Word for word, copy out the records given below.

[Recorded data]
•••
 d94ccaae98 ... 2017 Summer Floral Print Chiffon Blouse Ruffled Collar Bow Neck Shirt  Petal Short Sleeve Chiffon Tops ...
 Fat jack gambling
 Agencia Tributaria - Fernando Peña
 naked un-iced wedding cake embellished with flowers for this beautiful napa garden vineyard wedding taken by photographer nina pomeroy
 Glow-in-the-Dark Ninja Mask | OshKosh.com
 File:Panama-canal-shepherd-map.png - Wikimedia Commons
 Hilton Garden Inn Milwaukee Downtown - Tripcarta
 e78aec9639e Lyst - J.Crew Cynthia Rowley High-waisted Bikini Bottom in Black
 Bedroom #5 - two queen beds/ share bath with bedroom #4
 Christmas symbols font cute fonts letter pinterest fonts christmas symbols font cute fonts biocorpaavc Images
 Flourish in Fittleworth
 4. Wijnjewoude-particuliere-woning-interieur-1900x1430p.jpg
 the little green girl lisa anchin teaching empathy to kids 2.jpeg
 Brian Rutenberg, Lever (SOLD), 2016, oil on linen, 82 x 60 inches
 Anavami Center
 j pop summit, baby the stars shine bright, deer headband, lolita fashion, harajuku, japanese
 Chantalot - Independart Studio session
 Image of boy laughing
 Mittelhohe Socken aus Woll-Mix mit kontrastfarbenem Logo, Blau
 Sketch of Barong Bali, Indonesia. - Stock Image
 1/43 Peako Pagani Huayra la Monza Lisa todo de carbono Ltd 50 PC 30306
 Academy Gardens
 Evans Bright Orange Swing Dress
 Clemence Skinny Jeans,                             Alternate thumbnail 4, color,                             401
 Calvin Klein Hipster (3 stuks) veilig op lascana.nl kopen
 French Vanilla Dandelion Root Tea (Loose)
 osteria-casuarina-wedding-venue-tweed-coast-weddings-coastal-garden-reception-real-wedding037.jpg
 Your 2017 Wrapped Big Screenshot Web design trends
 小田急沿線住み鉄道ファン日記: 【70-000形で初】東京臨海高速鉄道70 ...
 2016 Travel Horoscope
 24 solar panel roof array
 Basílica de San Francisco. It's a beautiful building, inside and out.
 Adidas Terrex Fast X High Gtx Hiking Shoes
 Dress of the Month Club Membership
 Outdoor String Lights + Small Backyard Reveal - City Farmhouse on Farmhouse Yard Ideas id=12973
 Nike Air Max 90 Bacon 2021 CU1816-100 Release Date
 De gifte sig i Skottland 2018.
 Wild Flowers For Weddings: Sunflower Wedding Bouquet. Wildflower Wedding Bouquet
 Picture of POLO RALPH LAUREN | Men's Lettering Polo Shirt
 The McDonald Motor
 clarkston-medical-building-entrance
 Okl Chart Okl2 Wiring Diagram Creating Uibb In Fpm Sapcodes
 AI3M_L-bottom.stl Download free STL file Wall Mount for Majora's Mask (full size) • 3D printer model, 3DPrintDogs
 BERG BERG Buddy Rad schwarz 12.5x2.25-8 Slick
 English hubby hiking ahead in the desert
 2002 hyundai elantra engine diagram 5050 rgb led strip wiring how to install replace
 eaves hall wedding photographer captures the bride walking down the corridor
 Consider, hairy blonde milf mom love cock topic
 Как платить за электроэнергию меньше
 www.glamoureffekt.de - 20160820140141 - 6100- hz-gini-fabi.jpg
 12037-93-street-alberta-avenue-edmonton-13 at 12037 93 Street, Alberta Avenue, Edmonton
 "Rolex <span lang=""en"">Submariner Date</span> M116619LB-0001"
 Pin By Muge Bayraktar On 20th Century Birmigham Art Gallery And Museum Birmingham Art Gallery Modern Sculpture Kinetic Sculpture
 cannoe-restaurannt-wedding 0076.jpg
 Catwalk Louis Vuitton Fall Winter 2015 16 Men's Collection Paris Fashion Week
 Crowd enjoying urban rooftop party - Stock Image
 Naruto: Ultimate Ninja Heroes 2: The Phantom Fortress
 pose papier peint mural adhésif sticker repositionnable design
•••
**REPLY**.
 d94ccaae98 ... 2017 Summer Floral Print Chiffon Blouse Ruffled Collar Bow Neck Shirt  Petal Short Sleeve Chiffon Tops ...
 Fat jack gambling
 Agencia Tributaria - Fernando Peña
 naked un-iced wedding cake embellished with flowers for this beautiful napa garden vineyard wedding taken by photographer nina pomeroy
 Glow-in-the-Dark Ninja Mask | OshKosh.com
 File:Panama-canal-shepherd-map.png - Wikimedia Commons
 Hilton Garden Inn Milwaukee Downtown - Tripcarta
 e78aec9639e Lyst - J.Crew Cynthia Rowley High-waisted Bikini Bottom in Black
 Bedroom #5 - two queen beds/ share bath with bedroom #4
 Christmas symbols font cute fonts letter pinterest fonts christmas symbols font cute fonts biocorpaavc Images
 Flourish in Fittleworth
 4. Wijnjewoude-particuliere-woning-interieur-1900x1430p.jpg
 the little green girl lisa anchin teaching empathy to kids 2.jpeg
 Brian Rutenberg, Lever (SOLD), 2016, oil on linen, 82 x 60 inches
 Anavami Center
 j pop summit, baby the stars shine bright, deer headband, lolita fashion, harajuku, japanese
 Chantalot - Independart Studio session
 Image of boy laughing
 Mittelhohe Socken aus Woll-Mix mit kontrastfarbenem Logo, Blau
 Sketch of Barong Bali, Indonesia. - Stock Image
 1/43 Peako Pagani Huayra la Monza Lisa todo de carbono Ltd 50 PC 30306
 Academy Gardens
 Evans Bright Orange Swing Dress
 Clemence Skinny Jeans,                             Alternate thumbnail 4, color,                             401
 Calvin Klein Hipster (3 stuks) veilig op lascana.nl kopen
 French Vanilla Dandelion Root Tea (Loose)
 osteria-casuarina-wedding-venue-tweed-coast-weddings-coastal-garden-reception-real-wedding037.jpg
 Your 2017 Wrapped Big Screenshot Web design trends
 小田急沿線住み鉄道ファン日記: 【70-000形で初】東京臨海高速鉄道70 ...
 2016 Travel Horoscope
 24 solar panel roof array
 Basílica de San Francisco. It's a beautiful building, inside and out.
 Adidas Terrex Fast X High Gtx Hiking Shoes
 Dress of the Month Club Membership
 Outdoor String Lights + Small Backyard Reveal - City Farmhouse on Farmhouse Yard Ideas id=12973
 Nike Air Max 90 Bacon 2021 CU1816-100 Release Date
 De gifte sig i Skottland 2018.
 Wild Flowers For Weddings: Sunflower Wedding Bouquet. Wildflower Wedding Bouquet
 Picture of POLO RALPH LAUREN | Men's Lettering Polo Shirt
 The McDonald Motor
 clarkston-medical-building-entrance
 Okl Chart Okl2 Wiring Diagram Creating Uibb In Fpm Sapcodes
 AI3M_L-bottom.stl Download free STL file Wall Mount for Majora's Mask (full size) • 3D printer model, 3DPrintDogs
 BERG BERG Buddy Rad schwarz 12.5x2.25-8 Slick
 English hubby hiking ahead in the desert
 2002 hyundai elantra engine diagram 5050 rgb led strip wiring how to install replace
 eaves hall wedding photographer captures the bride walking down the corridor
 Consider, hairy blonde milf mom love cock topic
 Как платить за электроэнергию меньше
 www.glamoureffekt.de - 20160820140141 - 6100- hz-gini-fabi.jpg
 12037-93-street-alberta-avenue-edmonton-13 at 12037 93 Street, Alberta Avenue, Edmonton
 "Rolex <span lang=""en"">Submariner Date</span> M116619LB-0001"
 Pin By Muge Bayraktar On 20th Century Birmigham Art Gallery And Museum Birmingham Art Gallery Modern Sculpture Kinetic Sculpture
 cannoe-restaurannt-wedding 0076.jpg
 Catwalk Louis Vuitton Fall Winter 2015 16 Men's Collection Paris Fashion Week
 Crowd enjoying urban rooftop party - Stock Image
 Naruto: Ultimate Ninja Heroes 2: The Phantom Fortress
 pose papier peint mural adhésif sticker repositionnable design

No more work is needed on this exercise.